Bug #18995
openIO#set_encoding sometimes set an IO's internal encoding to the default external encoding
Description
This script demonstrates the behavior:
def show(io)
printf(
"external encoding: %-25p internal encoding: %-25p\n",
io.external_encoding,
io.internal_encoding
)
end
Encoding.default_external = 'iso-8859-1'
Encoding.default_internal = 'iso-8859-2'
File.open('/dev/null') do |f|
f.set_encoding('utf-8', nil)
show(f) # f.internal_encoding is iso-8859-2, as expected
f.set_encoding('utf-8', 'invalid')
show(f) # f.internal_encoding is now iso-8859-1!
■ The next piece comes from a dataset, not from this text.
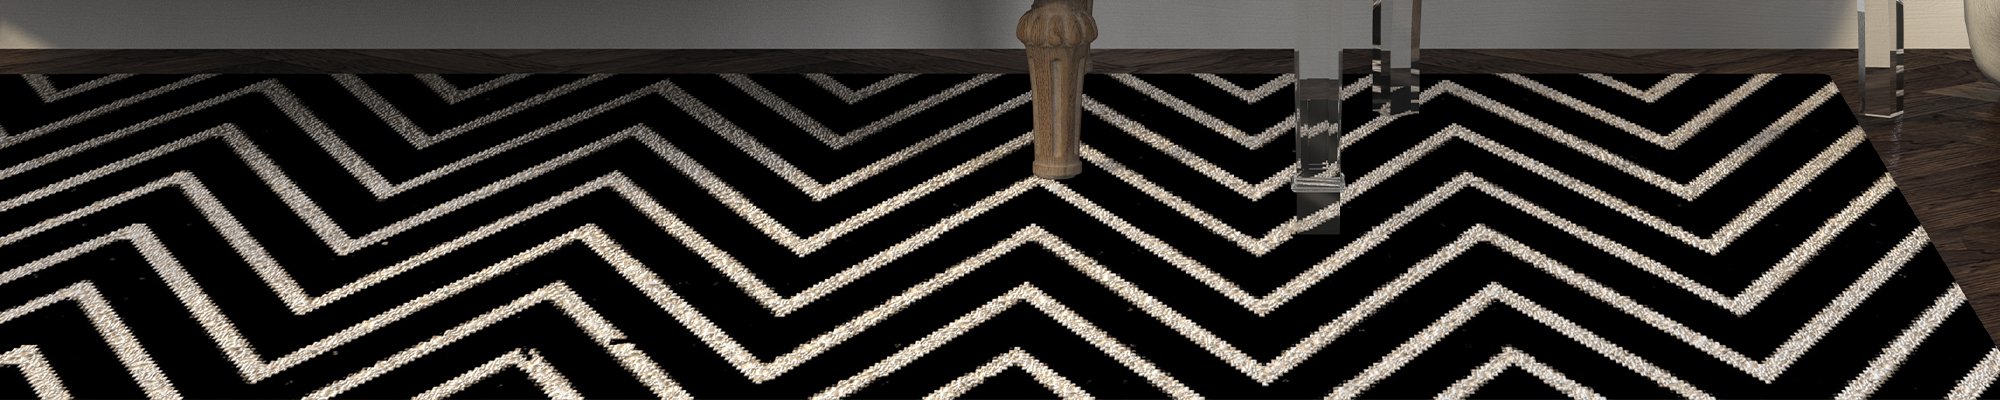 black patterned area rug from Pioneer Floor Coverings & Design in Cedar City, UT

Encoding.default_external = 'iso-8859-3'
Encoding.default_internal = 'iso-8859-4'
show(f) # f.internal_encoding is now iso-8859-3!
end
In the 1st case, we see that the IO's internal encoding is set to the current setting of Encoding.default_internal. In the 2nd case, the IO's internal encoding is set to Encoding.default_external instead. The 3rd case is more interesting because it shows that the IO's internal encoding is actually following the current setting of Encoding.default_external. It didn't just copy it when #set_encoding was called. It changes whenever Encoding.default_external changes.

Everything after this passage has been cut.